Если кратко обобщить имеющиеся на сегодняшний день дефиниции, визуальная поэзия – это поликодовый синтез поэзии и графики (или живописи), отличительной чертой которого является обязательное присутствие в произведении визуального и вербального компонентов, и в котором «внешней форме текста придается особый семантический статус, подразумевающий невозможность целостного восприятия произведения» [6, с. 140] на основании той или иной составляющей в отрыве друг от друга. Отметим, что рассматриваемый феномен объединяет и предполагает множество концепций и их трактовок, однако, на наш взгляд, целесообразным будет придерживаться в этом вопросе позиции Е. Степанова о визуальной поэзии как широком и всеобъемлющем понятии [7] и в дальнейшем, во избежание многозначности, использовать термин именно в такой коннотации.
В этой статье нас интересуют визуальные стихотворения авторства одной из самых ярких представительниц неоавангарда конца XX – начала XXI в. Светы Литвак (р. 1959). Несмотря на то, что поэтесса присутствует в литературе уже не одно десятилетие, системно ее поэзия практически не изучалась. Говоря о творчестве С. Литвак, надо отметить, что диапазон практик поэтессы охватывает едва ли не все возможные эксперименты от футуристической зауми и дадаистских коллажей до конструктивистской и современной – с технической точки зрения – комбинаторики. В рамках данного исследования мы предприняли попытку рассмотрения субъектной организации ее визуальных текстов из сборника «Агынстр» (2020) и других аналогичных стихотворений периода 2010–20-х годов.

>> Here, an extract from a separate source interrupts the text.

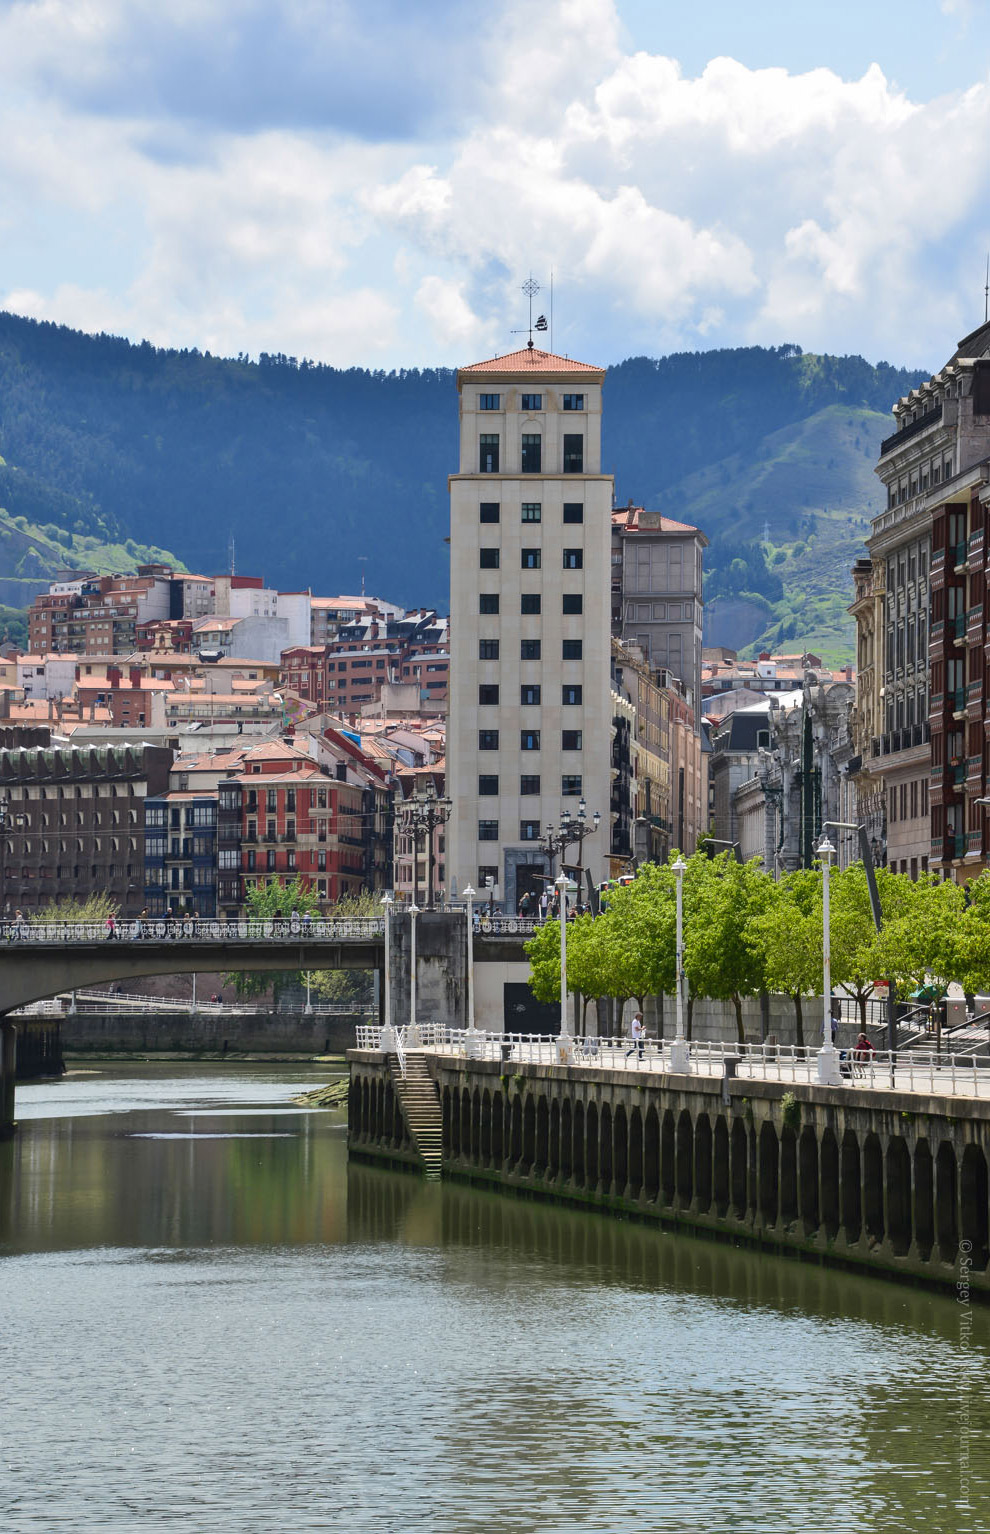 19. Разводной мост Puente del Ayuntamiento, название переводится как «мост городской Ратуши». К

Первое, что бросается в глаза при попытке рассмотрения лирического субъекта в визуальной поэзии, – это его иллюзорное отсутствие. Действительно, говорить о хорошо известных в лирике традиционных формах выражения авторского сознания, как и хорошо просматриваемого личностного начала, в контексте этого феномена ввиду многоканальности и нелинейности его природы не приходится, и чтобы корректно раскрыть репрезентацию лирического высказывания в нем, необходимо обратиться к пониманию природы субъекта как такового.

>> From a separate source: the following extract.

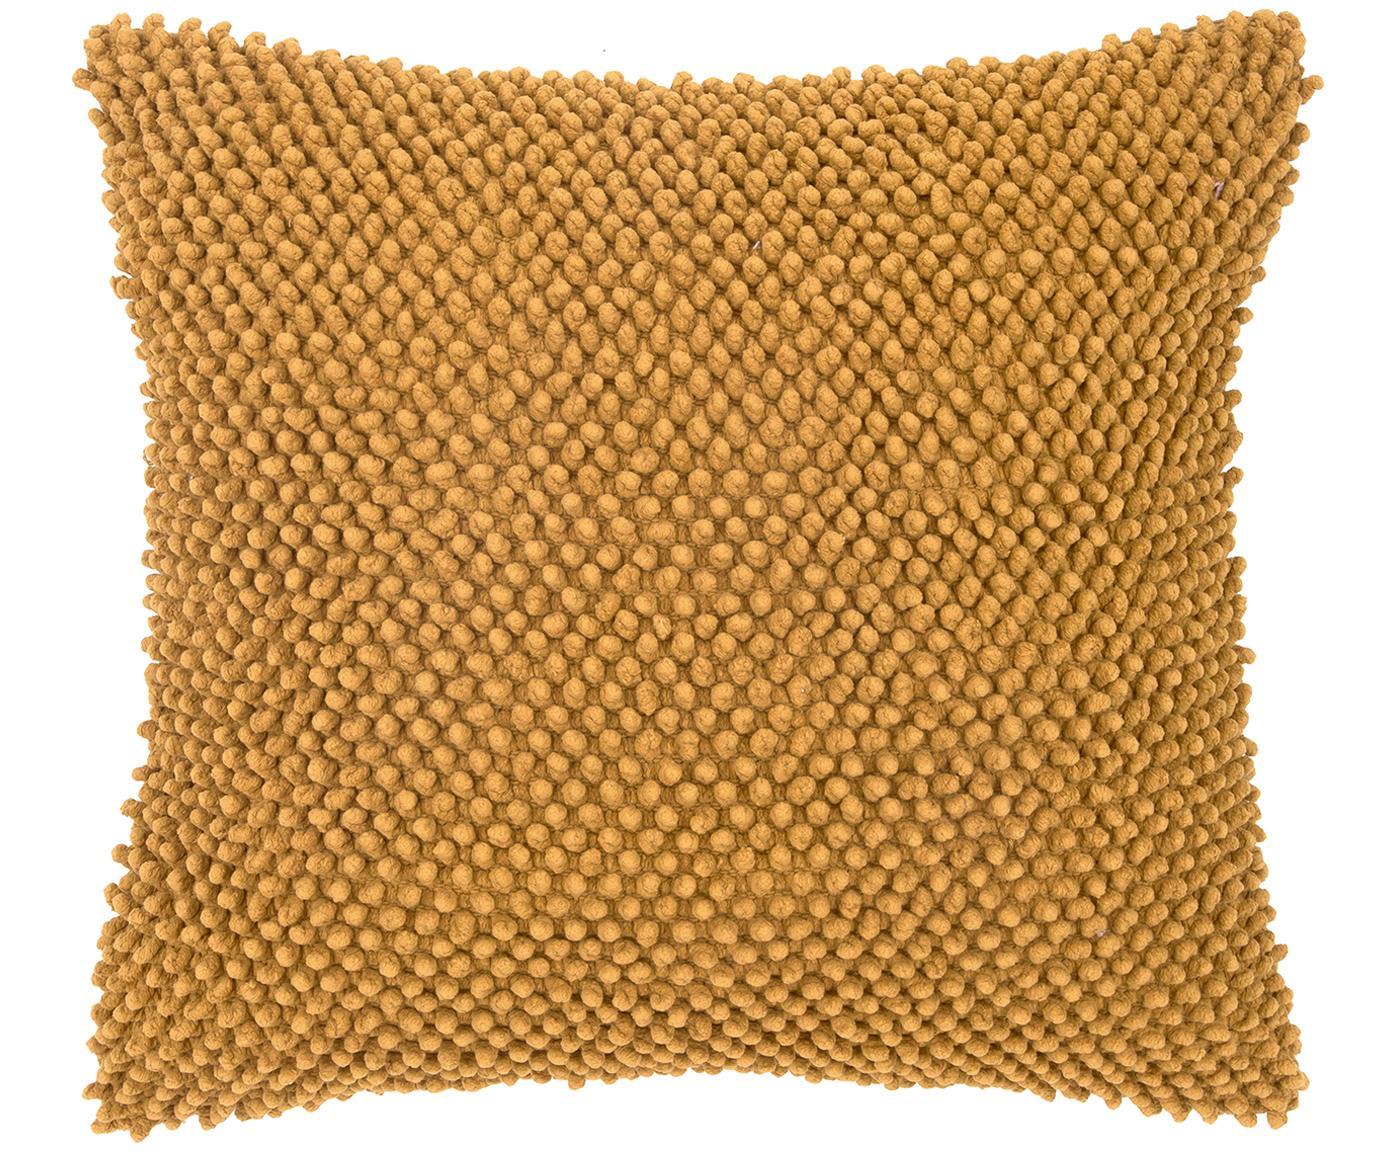 Funda de cojín texturizada Indi, Algodón, Amarillo, An 45 x L 45 cm

Наиболее валидной в этом вопросе нам видится концепция С.Н. Бройтмана о субъекте как «носителе речи, а также основной (объемлющей) точке зрения на мир и оценке в лирическом художественном произведении» [8, с. 112-113]. Соответственно, проявление авторского высказывания представляется возможным обнаружить, прежде всего, фокусируясь на формировании в поэтическом тексте той или иной точки зрения. «Авангардные тексты отличались изменением структуры субъекта, сочетающей установку на деперсонализацию, аннигиляцию поэтического “я” и максимальную его акцентуацию, вплоть до лишенных конкретности гиперболизированных форм. <…> Обозначение субъекта современной неоавангардной поэзии как “отчужденного” опирается на особую оптику, формируемую относительно базовой поэтической автокоммуникации и когнитивного механизма размывания точки зрения», – пишет О.В. Соколова [9, с. 217-219].

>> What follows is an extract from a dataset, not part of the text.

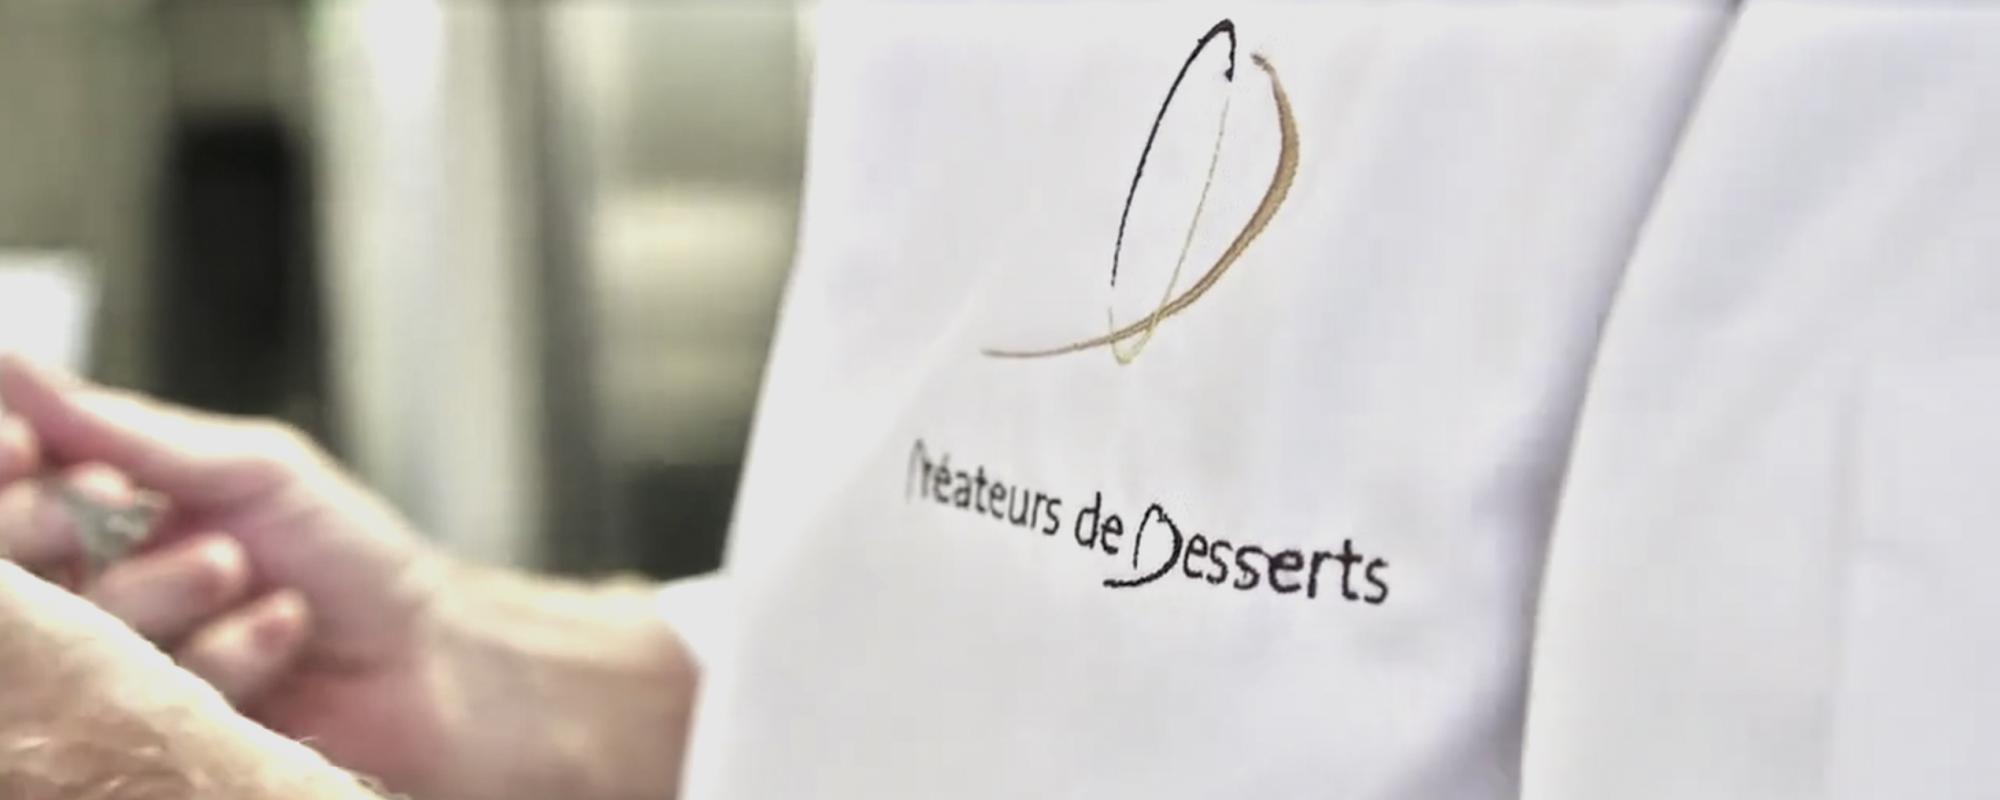 createurs de desserts - selecteren producten bij eerlijke handel

Не менее интересны и рассуждения О. Северской о том, что «поэтическое “я” сегодня оказывается знаком без референта, а потому более, чем когда-либо может присваиваться любым говорящим, делая лирическое высказывание одновременно и сугубо личным, и анонимным, “ничьим”» [10, с. 185]. Рассматривая такой субъект как прагматическую переменную, исследовательница считает, что он «не обладает семантической “полновесностью”», но при этом свидетельствует о наличии некоего говорящего в тексте и способен различить его точку зрения, позволяя таким образом «обрисовать области текста, которые оказываются значимыми для интерпретации заложенного в нем авторского сообщения о мире» [10, с. 185].
Ключевым моментом обеих теорий нам видится актуализация лиминального состояния субъекта: его девальвации и вместе с тем его полисемичности: «субъект не стремится к поиску целостности, но находится в состоянии сознательной дисперсии собственного “я” в отношениях и с “другим”, и с языком» [9, с. 220]. Предположим, что, несмотря на расплывчатость и неопределенность необходимой для идентификации лирического субъекта точки зрения, таковая в данном случае присутствует, имея метареферентный характер. Это во многом созвучно также идее Ж. Лакана о единстве точки зрения в контексте расщепленности субъекта, говоря о том, что субъект видит «себя безусловно в пространстве “другого” – больше того, та точка, из которой он глядит на себя, сама находится в этом пространстве, но это одновременно и та точка, из которой он говорит» [11, с. 154-155].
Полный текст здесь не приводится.